Polyhedra’s ZKJ Token Plummets After Suspicious On‑Chain Activity Detected

  • The Polyhedra Network (ZKJ) token plunged 91% following abnormal on‑chain activity.
  • Binance cited large holder withdrawals and a liquidation cascade as drivers of the crash.
  • An imminent June 19 token unlock may put additional downward pressure on price.

The cryptocurrency market was jolted by a severe collapse in the native token of Polyhedra Network, ZKJ. In under 24 hours the token lost more than 91% of its value, prompting widespread concern from exchanges, investors, and analysts.

ZKJ had traded around $2.00 for more than a month before falling to a record low of $0.2676 on June 15, 2025, erasing roughly $500 million in market capitalization. The sudden decline has highlighted questions about liquidity, tokenomics, and the influence of large holders in decentralized finance.

ZKJ token crash

What triggered the sudden ZKJ price collapse?

The crash began on June 15 after Polyhedra posted on X (formerly Twitter) that a wave of “abnormal on‑chain transactions” targeted the ZKJ/KOGE trading pair. Within hours the token had plunged more than 83% as traders tried to assess the cause.

Binance later attributed the turmoil to a liquidity crisis linked to large withdrawals involving KOGE, a token closely paired with ZKJ. According to the exchange, those withdrawals initiated a liquidation cascade as major wallets began offloading positions.
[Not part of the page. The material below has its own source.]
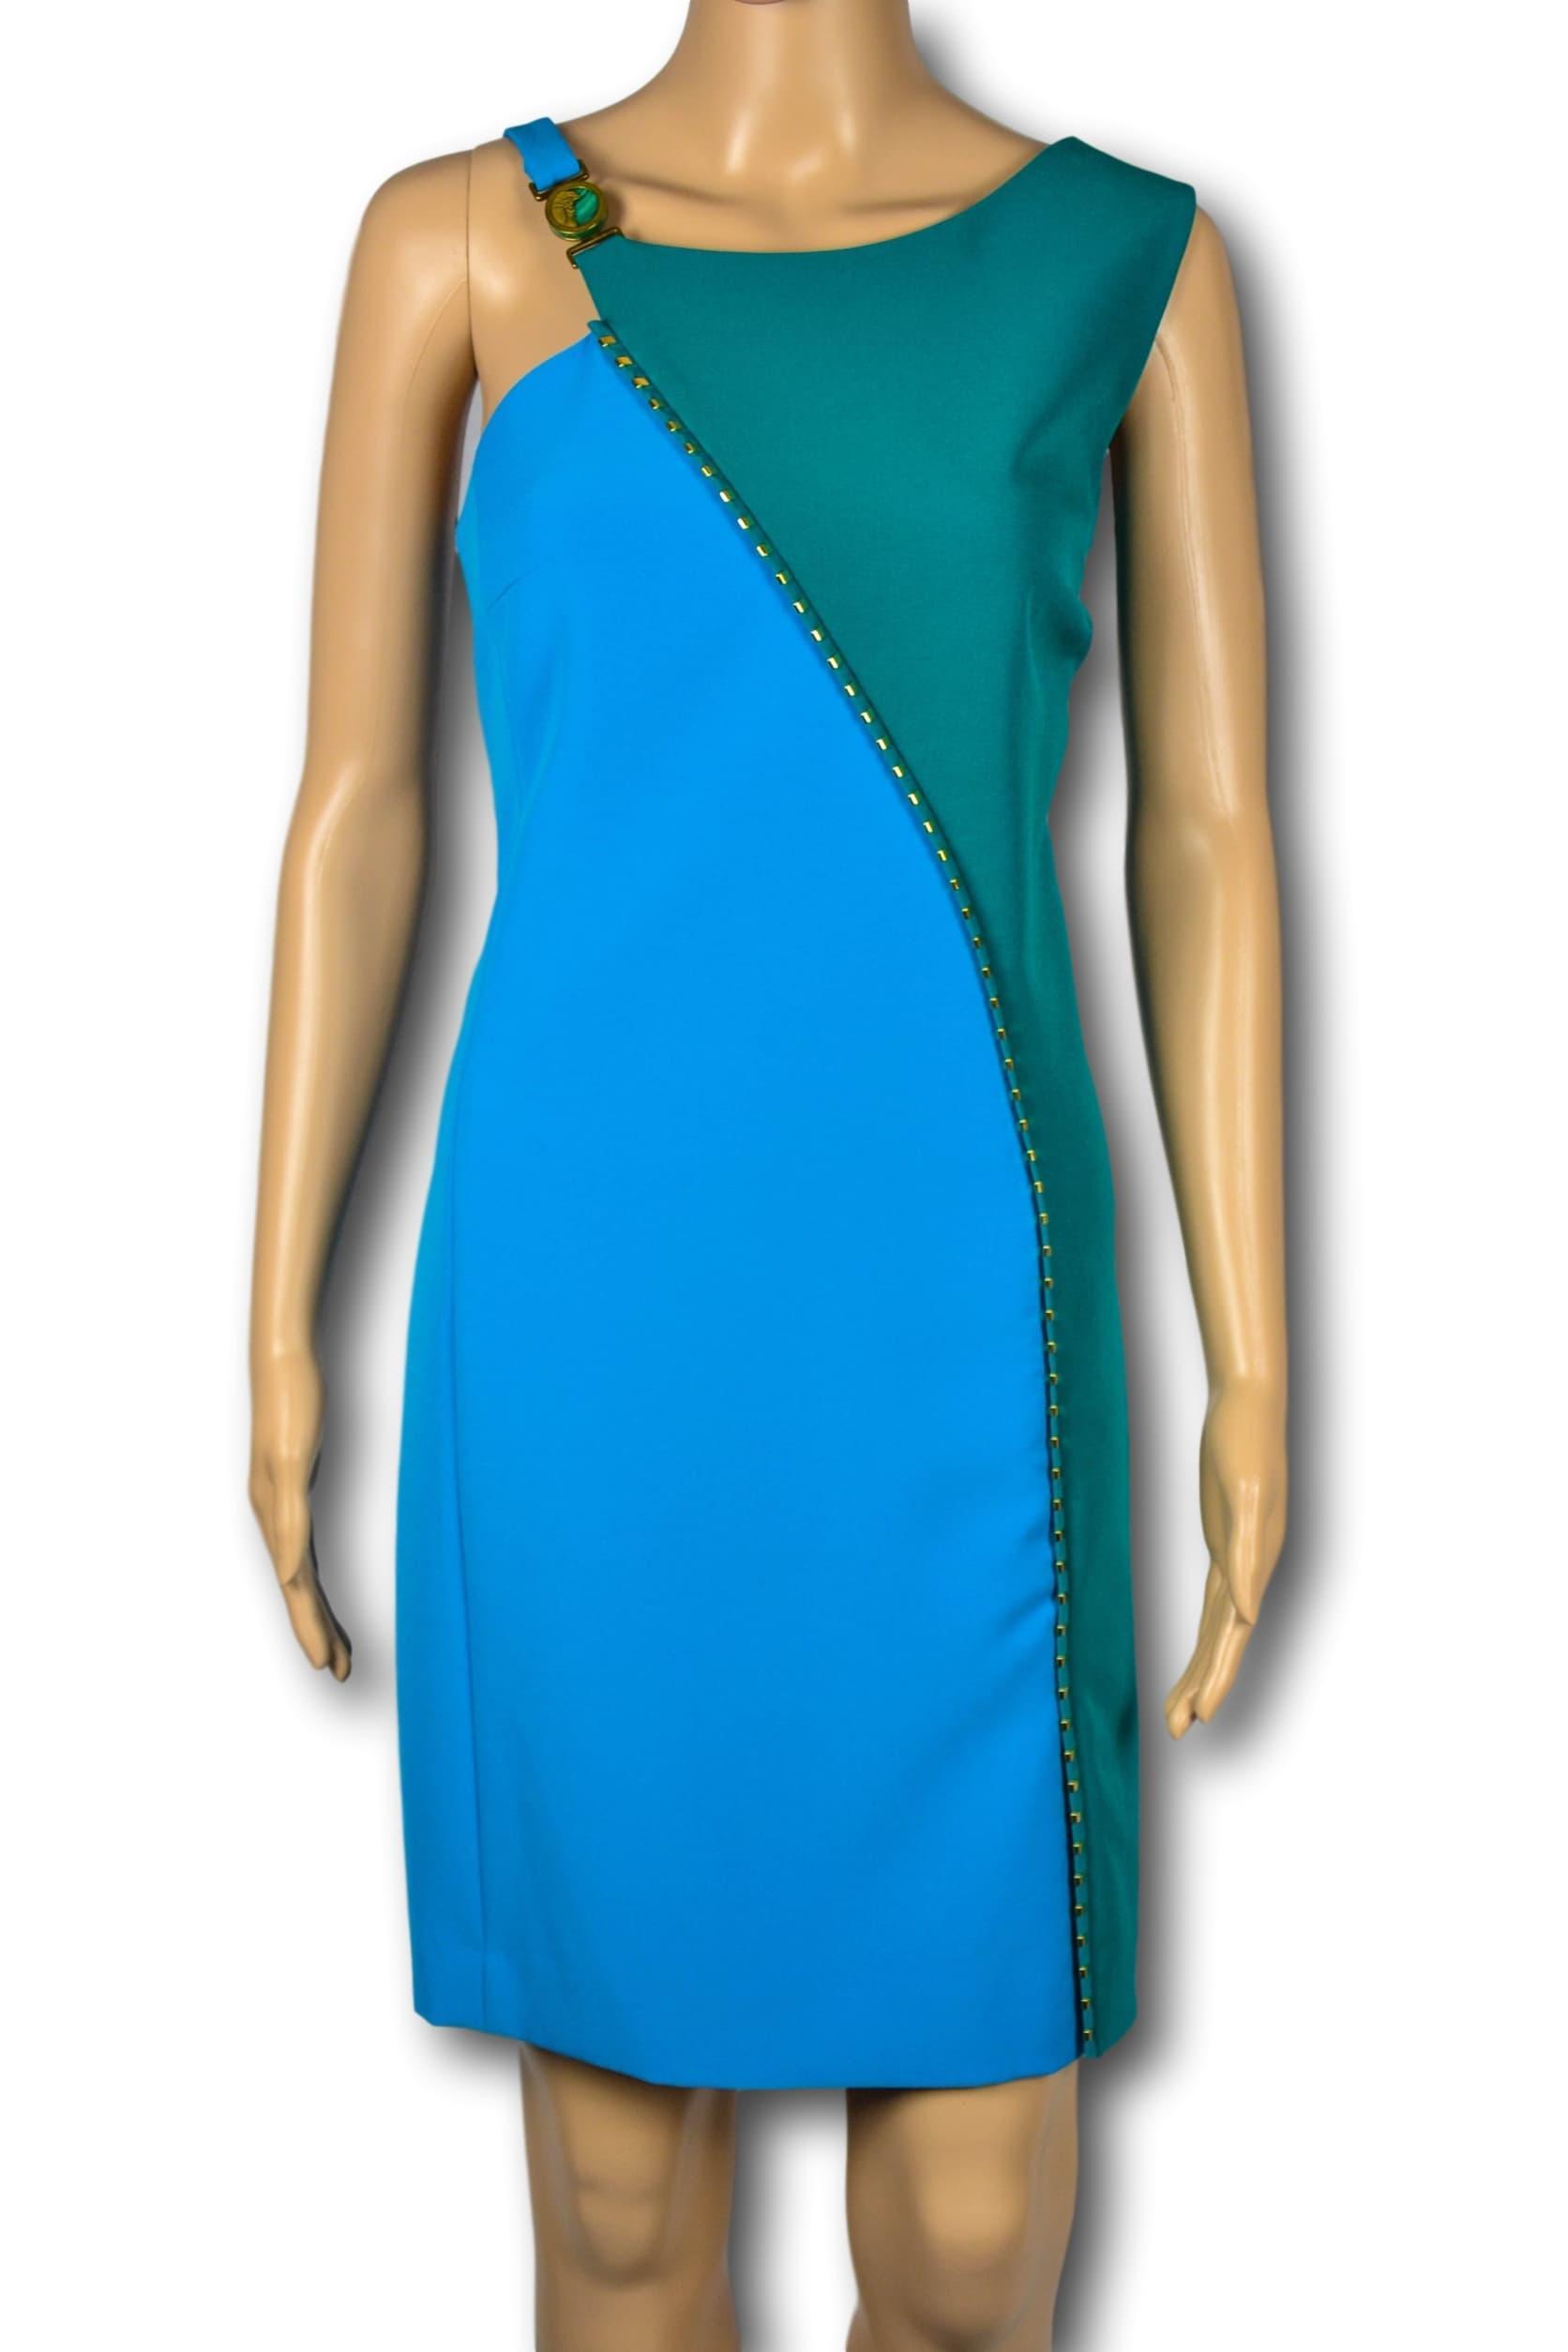 hot sales a8200 59f1a Dettagli su VERSACE COLLECTION Abito Vestito Donna Woman Dress Blu Verde  Smeraldo TG. 46

As KOGE’s USDT pool was drained, trading activity shifted into the ZKJ/USDT pool, which rapidly became overloaded. That sudden migration of liquidity intensified selling pressure and accelerated ZKJ’s decline.

Massive withdrawals and whale activity

On‑chain data shows multiple wallets that had been farming Alpha Points withdrew significant balances prior to the crash. One wallet withdrew more than $3.7 million in KOGE and $530,000 in ZKJ, while two others removed nearly $5 million combined. These large exits are consistent with whale activity that can trigger cascading liquidations across leveraged positions.

As prices dropped, margin calls and forced liquidations added further selling pressure. While some community members have speculated about deliberate manipulation, no major blockchain analytics firm has confirmed such claims. Polyhedra says it is investigating the events and maintains that its core technology remains intact.

Binance changes Alpha Points rules for ZKJ and KOGE

In response to the episode, Binance announced a change to its Alpha Points rewards program. Effective June 17, trades between Alpha token pairs, including ZKJ and KOGE, will no longer count toward Alpha Points calculations. The change aims to reduce systemic risk and discourage concentrated trading activity that can amplify volatility.

Market observers see the policy update as a precaution intended to restore market integrity and limit opportunities for concentrated or coordinated trading that could cause sudden failures.

Upcoming token unlock increases bearish risk

Adding to investor unease is a scheduled unlock of 15.5 million ZKJ tokens on June 19. Valued at roughly $10 million based on prior prices, this distribution would represent more than 5% of the circulating supply and could introduce substantial selling pressure if recipients decide to liquidate holdings quickly.

Analysts warn that the timing of the unlock — coming immediately after a dramatic price collapse — increases the risk of further declines as market confidence remains fragile.

In summary, the ZKJ crash appears to result from a combination of large withdrawals from paired liquidity pools, concentrated selling by major holders, and subsequent liquidation cascades. Regulatory scrutiny, exchange interventions, and the looming token unlock create a challenging backdrop for recovery in the near term.